In order to improve the state caused by decrease in collagen, various substances for enhancing collagen synthesis have been found. For example, retinoic acid (see, for example, R. Marks et al., British Journal of Dermatology, 122, 91-98, 1990), a preparation containing three kinds of amino acids consisting of glycine, proline and alanine (see, for example, Japanese Patent Laid-Open No. Hei 7-194375), a plant extract from licorice, mulberry bark, aloe, Equisetam arvense, Lonicerae flos, cork tree bark, leaf of Artemisia princeps, gentian or the like (see for example, Japanese Patent Laid-Open No. 2001-206835), TGF-b, ascorbic acids and the like have been known. In addition, as another substance for enhancing collagen synthesis, a peptide consisting of 182nd to 241st amino acid residues of type I procollagen (see, for example, K. Katayama et al., Biochemistry, 30, 7097-7104, 1991), and a Lys-Thr-Thr-Lys-Ser (SEQ ID NO: 21) peptide selected from the above-mentioned peptide consisting of 182nd to 241st amino acid residues of type I procollagen (see, for example, K. Katayama et al., J. Biol. Chem., 268(14), 9941-9944, 1990) have been known.

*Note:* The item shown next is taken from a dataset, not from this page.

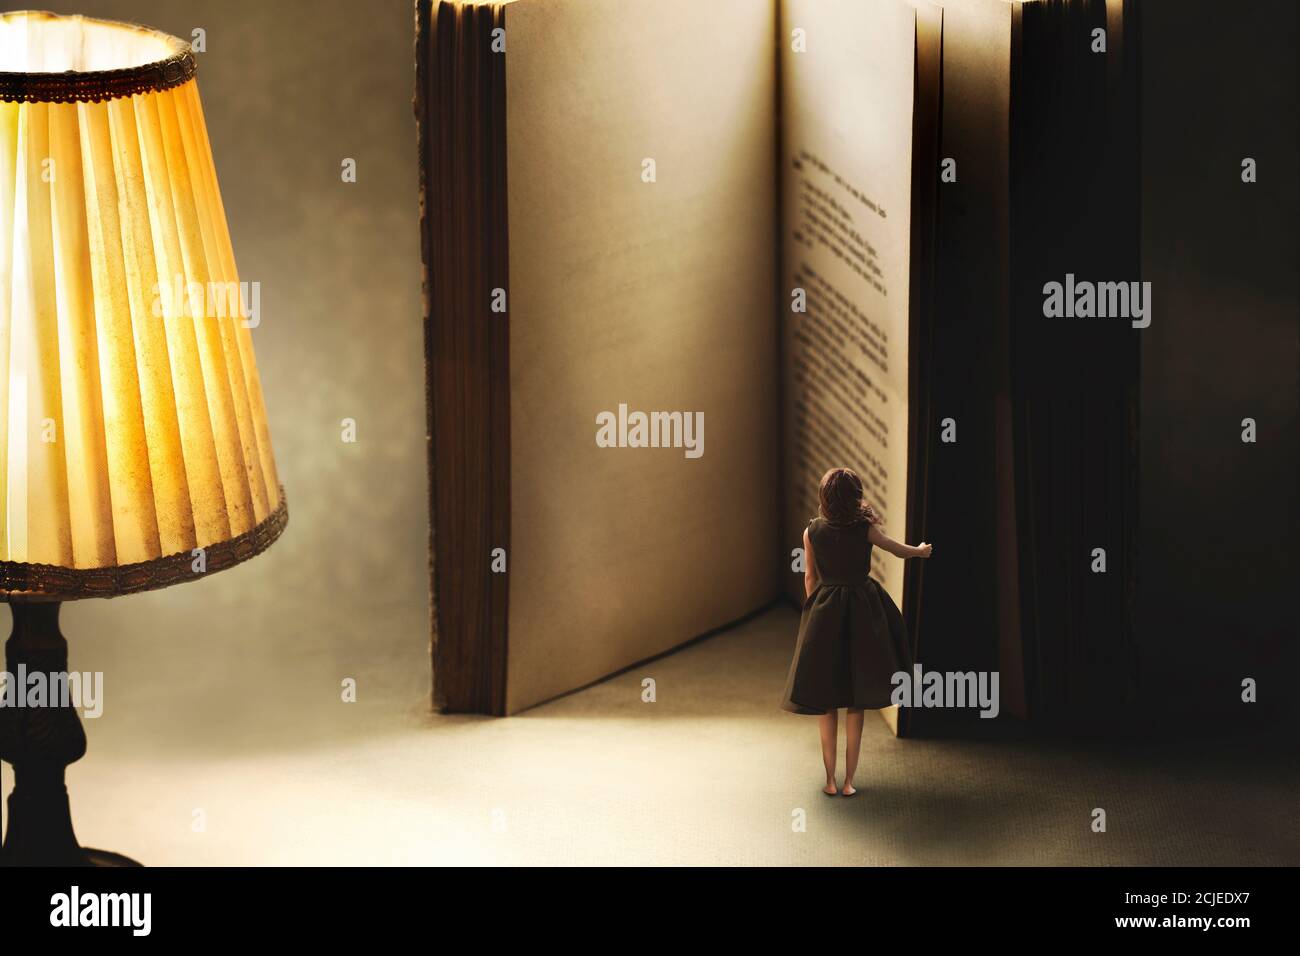 momento surrealista de una mujer abriendo las páginas en blanco de un libro gigante, concepto del conocimiento Foto de stock

On the other hand, hyaluronic acid is a kind of acidic mucopolysaccharides, which is present in skin, cartilage, a joint fluid, an umbilical cord, an ocular vitreous body, or other connective tissues. Inter alia, in skin epidermis, there have been known that hyaluronic acid is widely distributed from a basal layer to a granular layer, and that hyaluronic acid supports a structure of an epidermis extracellular space, and is involved in transportation of a substance such as a nutrient or a waste from an epidermal basal layer to a horny cell layer, and serves as a trigger for enhancing turnover of an epidermal cell. In addition, it has also been known that hyaluronic acid has a strong water-retaining action that about 6 L of water can be retained in only 1 g of hyaluronic acid, and that by this action, hyaluronic acid plays a role in retaining moisture in an intercellular space. It has been known that hyaluronic acid is gradually decreased with aging, and this decrease also is one cause for aging of a skin such as forming wrinkles and sagging of skin, the lowering in elasticity of skin and skin tautness, skin dryness, or skin roughness as in the case of collagen. However, hyaluronic acid is a polymer compound, so that it is not easy to supply the hyaluronic acid to an epidermis from the outside of the skin and in order to supply hyaluronic acid to a portion such as between epidermal cells, it is important to enhance biosynthesis of hyaluronic acid within a living body.
In order to improve the state caused by a decrease in hyaluronic acid, various substances for enhancing hyaluronic acid synthesis have been found. For example, an aloe extract, an okra extract, a water-soluble β-1,3-glucan derivative, an yeast extract (Japanese Patent Laid-Open No. 2004-051533), an extract of a sea alga belonging to the genus Callophyllis in the family Kallymeniaceae, (Japanese Patent Laid-Open No. 2000-136147), a lavender extract (Japanese Patent Laid-Open No. Hei 10-182402), and an extract of a sea alga belonging to the genus Durvillea in the family Durvilleaceae (Japanese Patent Laid-Open No. Hei 09-176036) have been known.